Para ellos , sin embargo , sólo se trataba de un punto y seguido , respetando sus posiciones delante de quién lograse resolver el conflicto pero sin olvidar . Lo que ahora se planteaba entre los dos , representaba romper la barrera impuesta a raíz del lugar en el que ambos se encontraban .

·        MATTHEW _  No … no sigas por ahí . – Le dijo tratando de evitar lo que habría de venir - .

·        ATSUSHI : ¡Era mi esposa !

·        MATTHEW : Atsushi  - tratando de tranquilizarlo – déjalo …

·        ATSUSHI :  ¿Dejarlo ? ¡Tú fuiste la causa de que ella se matara !

·        MATTHEW : ¡ No pienso caer en tu maldita provocación !

Se dio media vuelta airadamente en dirección hacia la puerta cuando el japonés lo retuvo fuertemente  por un brazo .

·        ATSUSHI : ¡Me lo debes  y tu vida se la debes a él !

Mirando la mano que lo sostenía con fuerza y seguidamente a los ojos del que había sido su amigo , recuperó la libertad tirando de él con fuerza comenzando su ida hacia el coche donde le esperaba Kaleb desde hacía bastante tiempo .

Durante el transcurso del viaje de vuelta al hotel , pese a sus dos intentos por encontrar respuestas sobre lo acontecido en la casa después de que él saliese , Kaleb no obtuvo más que silencio .  Un silencio frío y tenso , con una mirada casi perdida que no le otorgaba seguridad sobre el hecho de ser él quién llevase el vehículo . Una respiración semiagitada y  ofuscación que ocultar tras una mano , la que no sostenía el volante , que se apoderaba de su boca con fuerza inusitada .

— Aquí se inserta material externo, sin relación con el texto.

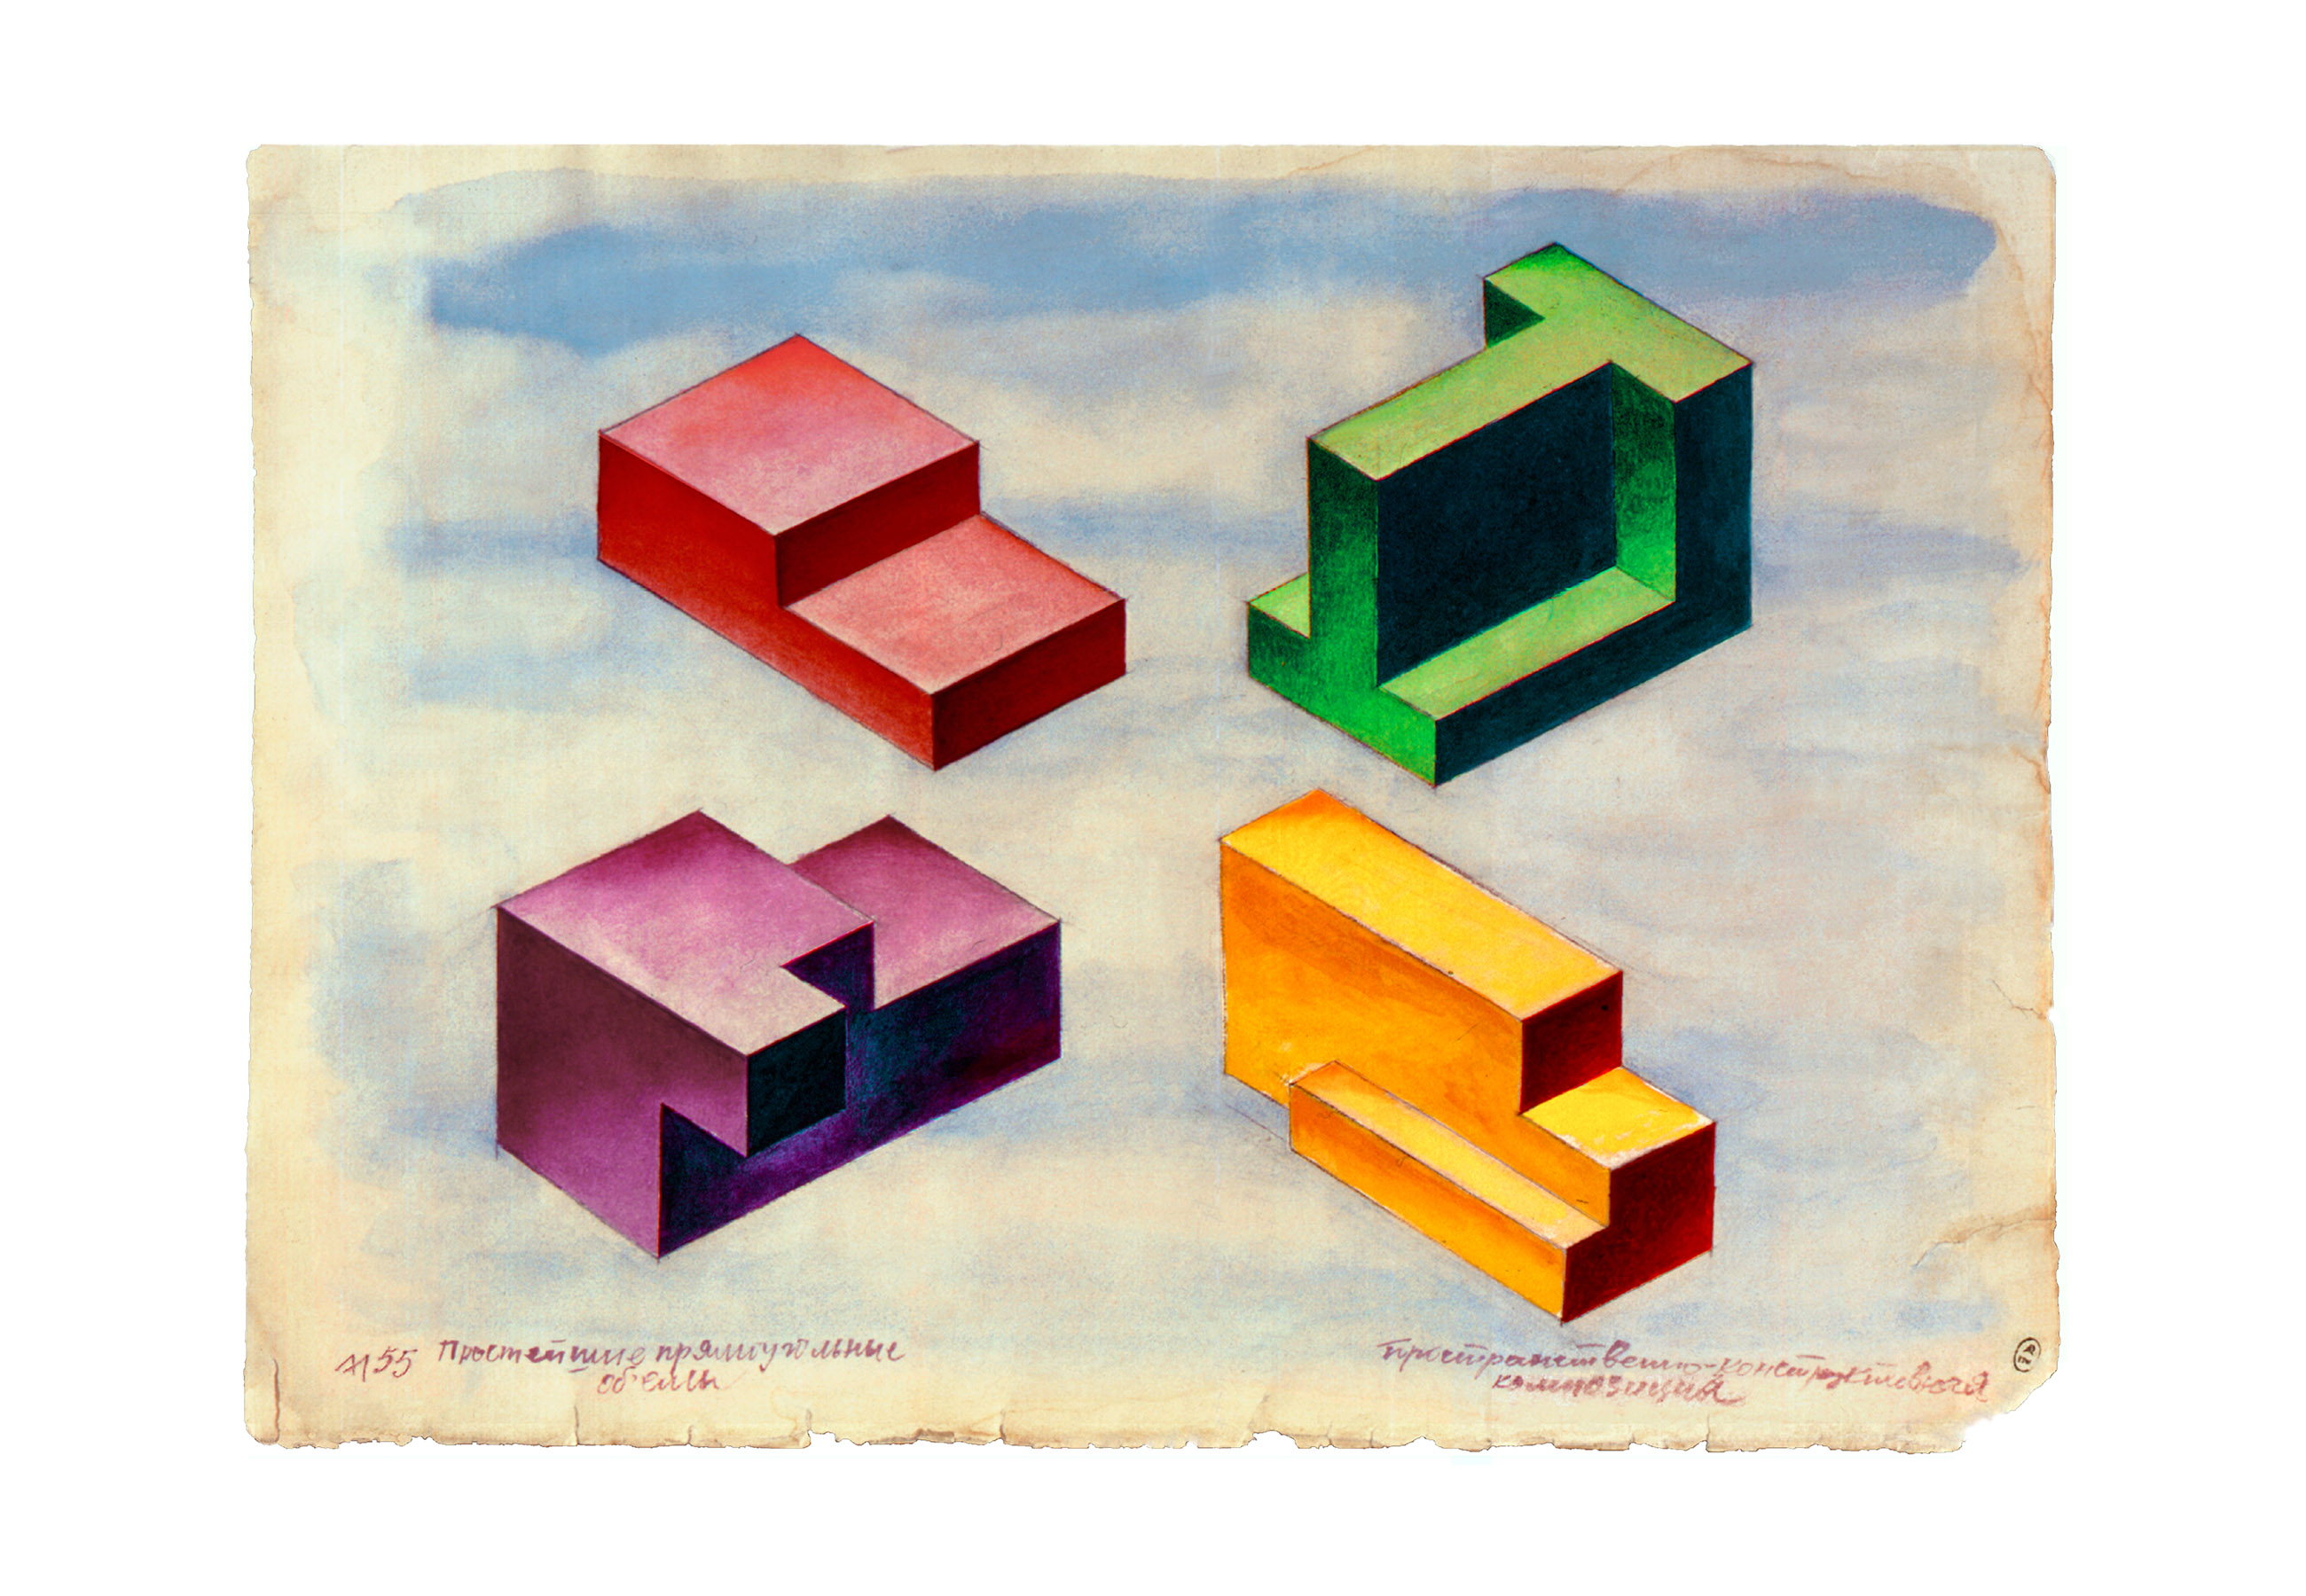 Lamm-Portfolio-1954-1955-31.jpg

No. Por más que lo intentó , tuvo que desistir . No estaba en condiciones de hablar y mucho menos de responder a sus preguntas  , así que se volvería al hotel con  la esperanza de que en algún momento se abriera lo suficiente como para detallarle las consecuencias de su impronta salida de la sala de reuniones .

Llegados  casi al medio día , Matthew le dejó las llaves a uno de los guardacoches mientras el personal del hotel se encargaba de las maletas del nuevo huésped .
Con el silencio aún por bandera , Kaleb se limitó a seguir por todo el vestíbulo a un más que alterado  amigo  que se dirigía a la cafetería   como alma que lleva al diablo  y al que  no pudo detener cuando comenzó a pedir y beber vasos de whisky  con la misma facilidad que un sediento lo haría con el agua.
Cuando ya llevaba ingerido el tercero , a punto se encontraba de pedir el cuarto cuando algo le hizo mirar por encima del hombro de Kaleb . Su  posterior mirada hacia el suelo , presagiaba problemas.

·        MATTHEW : No se te ocurra mirar hacia el vestíbulo .

Extrañado , Kaleb hizo un intento involuntario  impedido a tiempo  por el aún nervioso amigo .

·        MATTHEW : ¡Por dios Kaleb ! ¿Qué hay que decirte para que hagas caso ?

·        KALEB : ¿Y me lo dices a  mí ? Estás muy nervioso desde que has salido de la casa de Tanaka y encima llegas aquí y empiezas a beber como si se acabase el mundo  y ahora sin venir a cuento me  dices que ni me gire pero no sé por qué .

La expresión de extrañeza se engrandecía  nada más servirle uno de los camareros una copa de vino blanco Proseco italiano .

·        MATTHEW :  ¡ Ay dios !

El destinatario , sorprendido puesto que tan siquiera había pedido nada aún , recibió un solo gesto por respuesta . Al dar la vuelta , la vio a ella.